Note: if the vg0drbd LVM is large, it will take a long time to sync (perhaps overnight).

Enable DRBD to startup at boot:

root@filer01 ~# chkconfig –level 2345 drbd on
root@filer02 ~# chkconfig –level 2345 drbd on

Now create the cluster_metadata filesystem. Use this 512 MB partition to keep all of the Openfiler configuration data and the data for the services that should be available in HA (eg. NFS, iSCSI, SMB).

root@filer01 ~# mkfs.ext3 /dev/drbd0

Don’t add this partition to an /etc/fstab, as this is managed by Heartbeat (and will be configured shortly).

Configure LVM Partition

Create the /dev/drbd1 as a PV (Physical Volume) for the data volume group, which will be used to create Logical Volumes for data.
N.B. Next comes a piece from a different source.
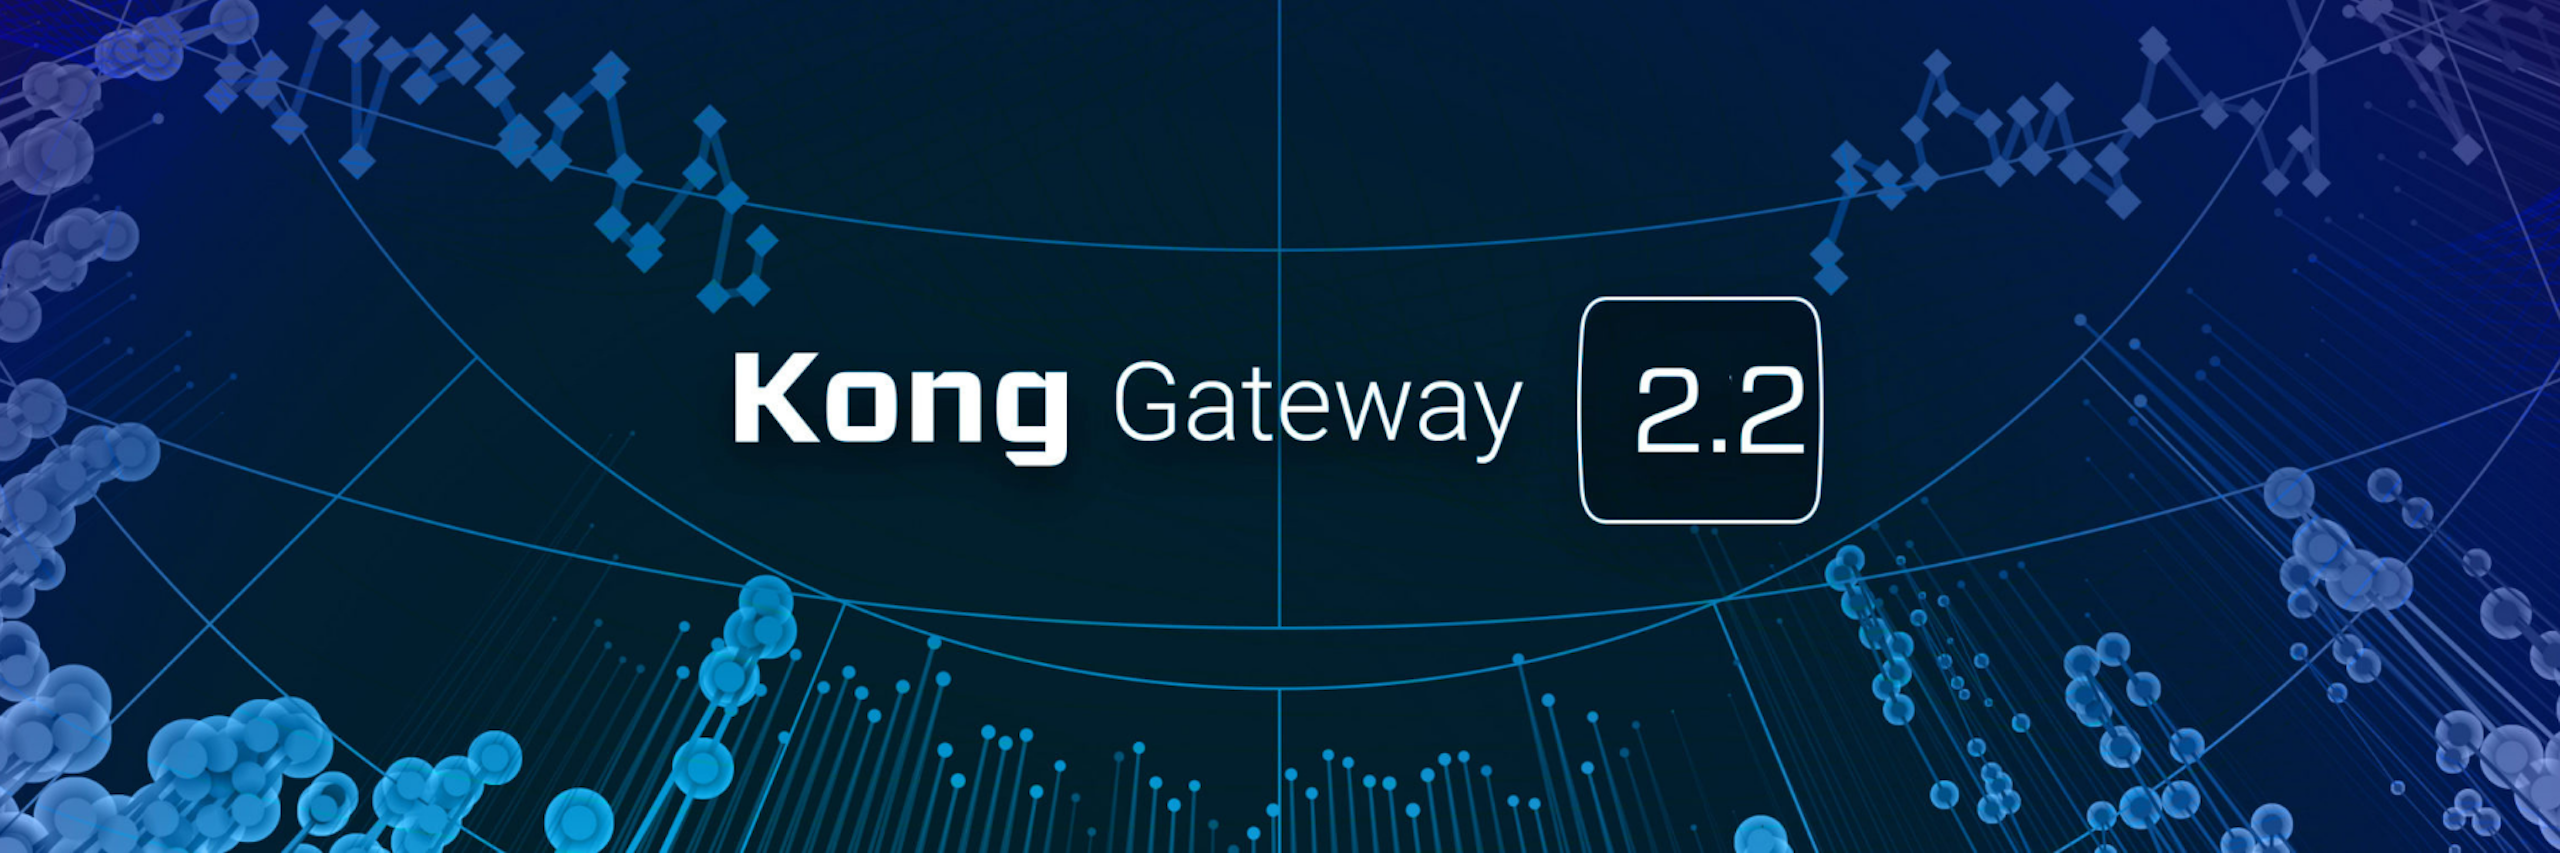 Kong Gateway 2.2 released!

First, edit /etc/lvm/lvm.conf and modify the filter line:

From:

filter = [ "a/.*/" ]

To:

filter = [ "r|/dev/sda5|" ]

Note: Change /dev/sda5 to reflect the partition of your LVM. Also remember to apply these changes on both filer01 and filer02.

Create the LVM Physical Volume (only do this on our Primary node, as it will replicate to the Second node via drbd):

root@filer1 /# pvcreate /dev/drbd1

Physical volume “/dev/drbd1” successfully created

Configure Heartbeat

As mentioned before, Heartbeat controls failover between hosts. The two nodes run the Heartbeat service, that sends out a heartbeat pulse on the secondary interface (eth1). If one node dies, then Heartbeat detects this and roles the surviving node to Primary (if it wasn’t already) using startup scripts available in /etc/ha.d/resources.d.

Make modifications to /etc/ha.d/ha.cf and /etc/ha.d/authkeys. Make these changes on both nodes.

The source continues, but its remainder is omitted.